Patients with interstitial cystitis who responded positively to treatment with bacillus Calmette-Guerin or placebo after 34 weeks of followup in a double-blind clinical trial were followed for an additional 34 weeks in an observational study to assess response durability. Outcomes at 68 weeks included a patient reported global response assessment, 24-hour voiding diary, and pain, urgency and validated interstitial cystitis symptom indexes.

Results

Of responders to bacillus Calmette-Guerin or placebo in the clinical trial 38 continued extended followup in the observational study. A total of 12 (75%) responders who received placebo and 19 (86%) who received bacillus Calmette-Guerin considered themselves to remain moderately or markedly improved at week 68. Improved symptom outcomes were also generally maintained during followup in the 2 groups.

Conclusions

Most patients who respond to therapy with intravesical bacillus Calmette-Guerin or placebo maintain improved symptoms for up to 68 weeks after the initiation of therapy. However, initial response rates are low and placebo responders demonstrated essentially the same durability of response as bacillus Calmette-Guerin responders. These results argue against the routine use of bacillus Calmette-Guerin in this patient group.

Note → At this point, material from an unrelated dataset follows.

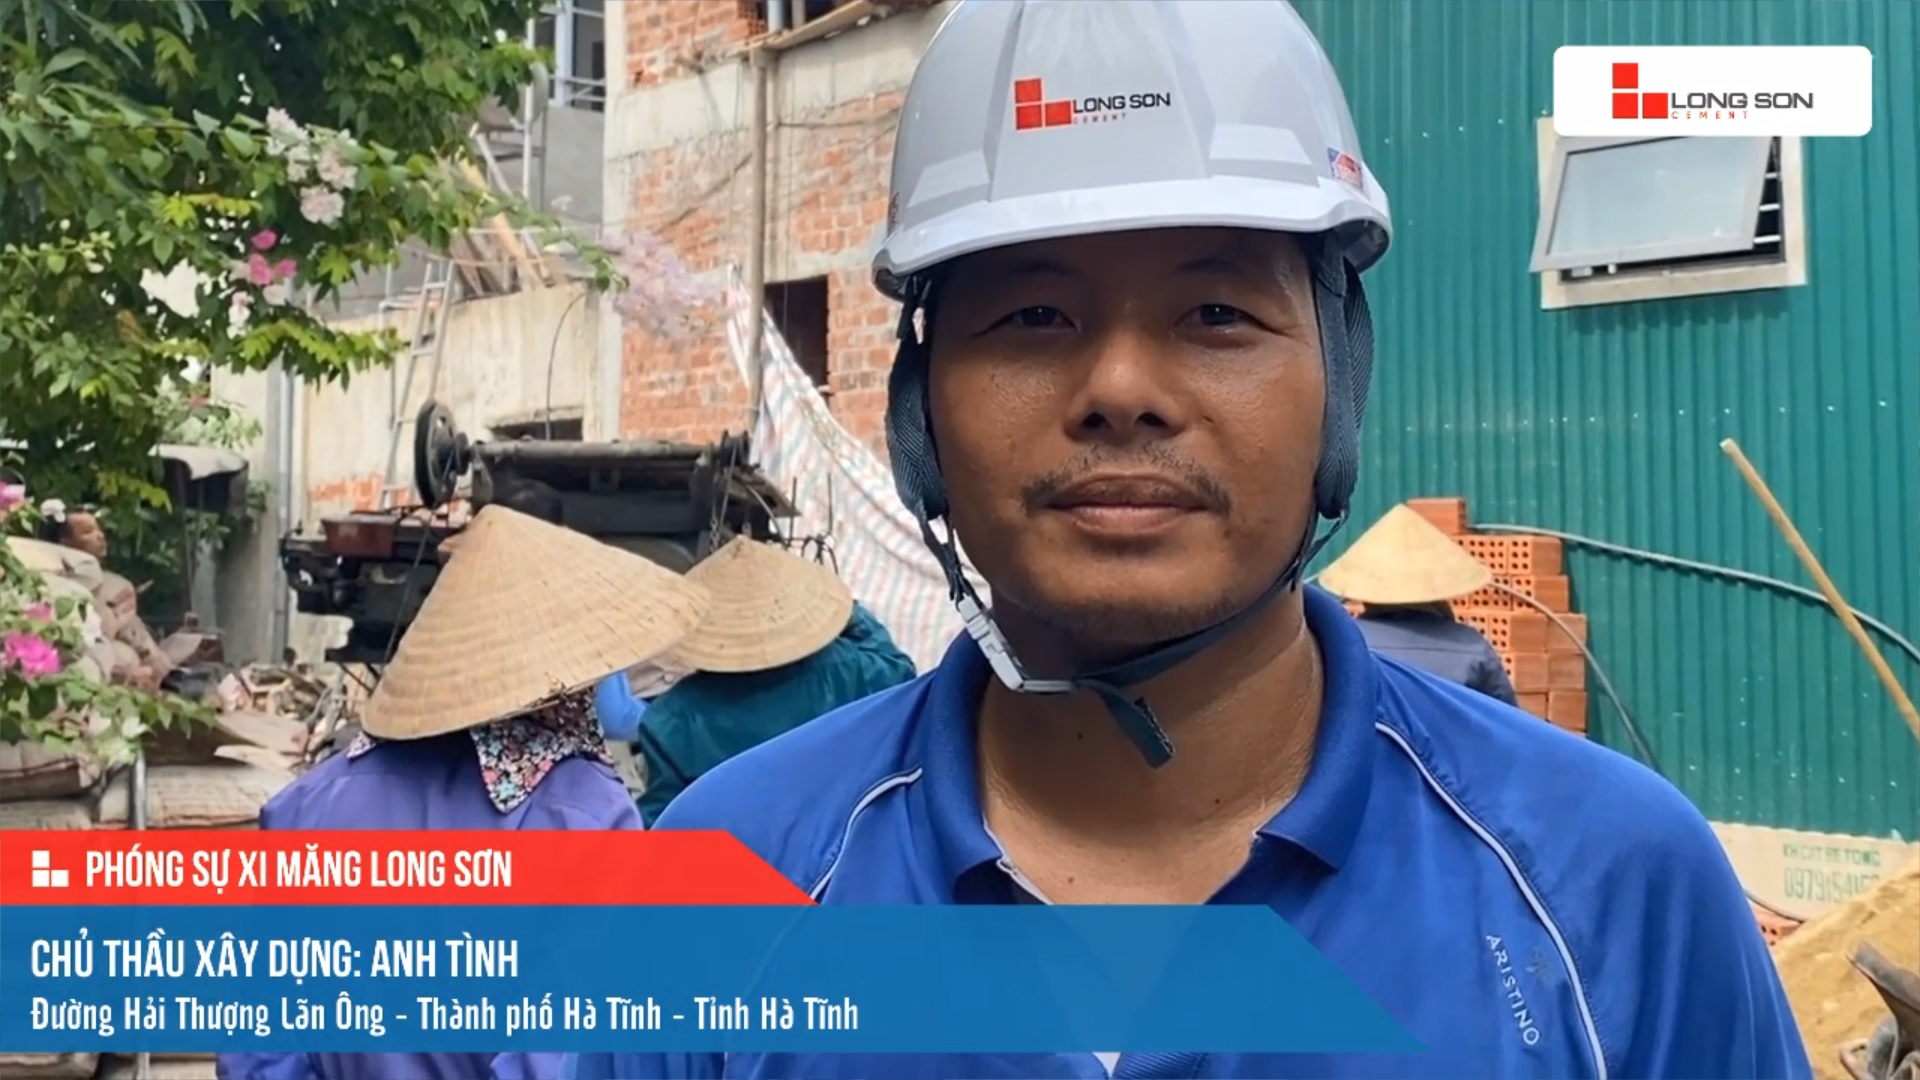 Phóng sự công trình sử dụng xi măng Long Sơn tại Hà Tĩnh ngày 16/08/2021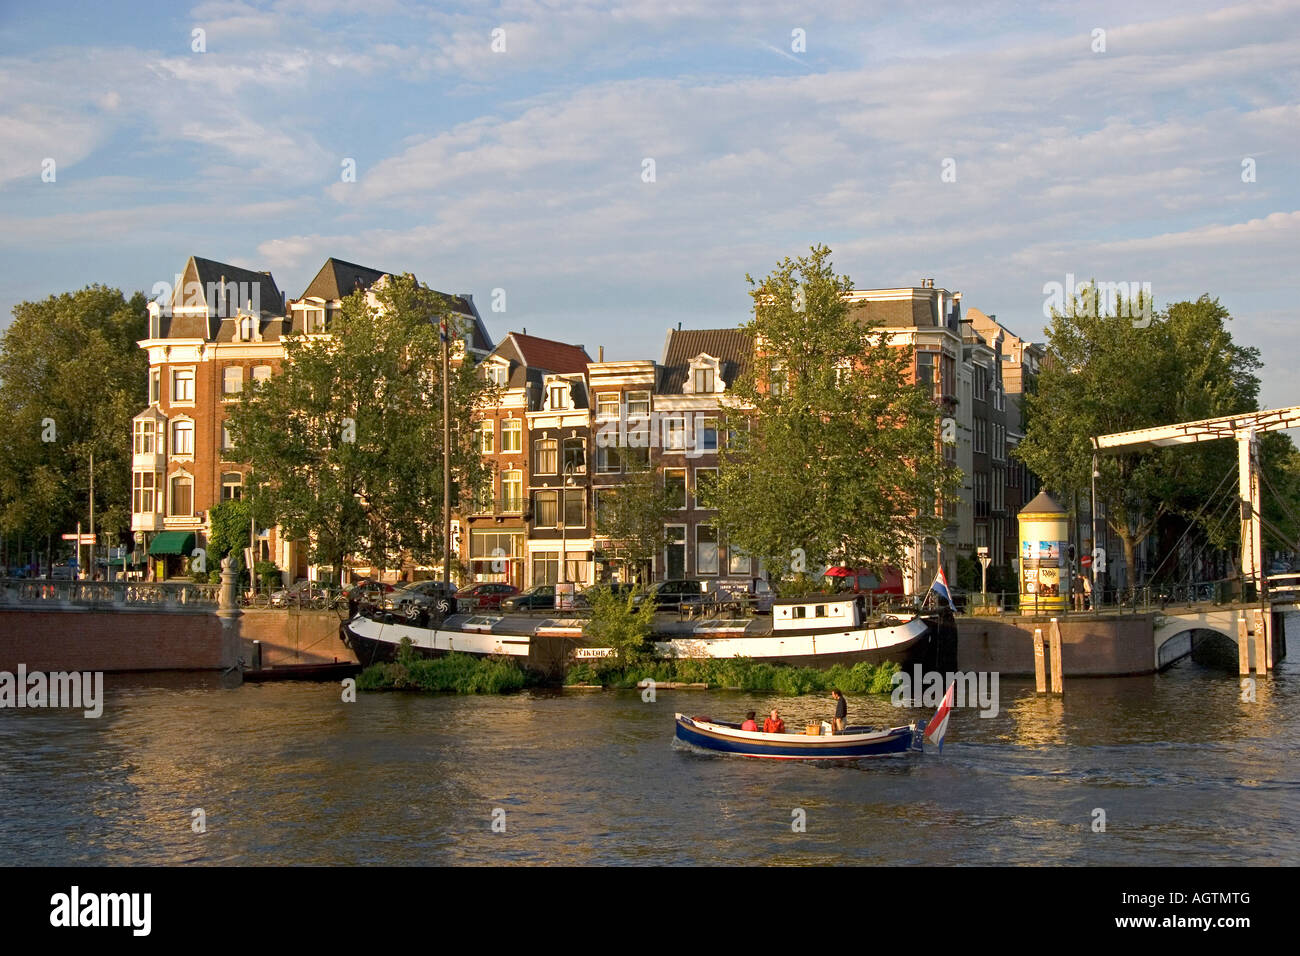 Navigation de plaisance sur la rivière Amstel à Amsterdam Pays-Bas Banque D'Images

Key Words: bladder, cystitis, interstitial, Mycobacterium bovis, pain, quality of life

Abbreviations and Acronyms: BCG, bacillus Calmette-Guerin, GRA, global response assessment, IC, interstitial cystitis, ICCTG, IC Clinical Trials Group, ICPI, O’Leary-Sant IC Problem Index, ICSI, O’Leary-Sant IC Symptom Index

Interstitial cystitis is a chronic condition characterized by bladder pain and bladder storage symptoms in association with characteristic cystoscopic findings.¹ To our knowledge the etiology of this condition is unknown and treatment remains suboptimal. The National Institutes of Health established the ICCTG to perform randomized, controlled clinical trials in patients with IC. The ICCTG recently reported the results of a randomized, double-blind, placebo controlled clinical trial of intravesical BCG.² After 34 weeks of followup there was no statistically significant difference between BCG and placebo in the rate of responders based on a GRA. A report of extended followup in a previous clinical trial of BCG showed that the beneficial effect was durable at an average of 27 months.³ We report the results of an observational study of a subset of ICCTG clinical trial participants who responded to BCG or placebo to determine whether the effects persisted. These patients remained blinded to their original treatment assignment throughout long-term followup.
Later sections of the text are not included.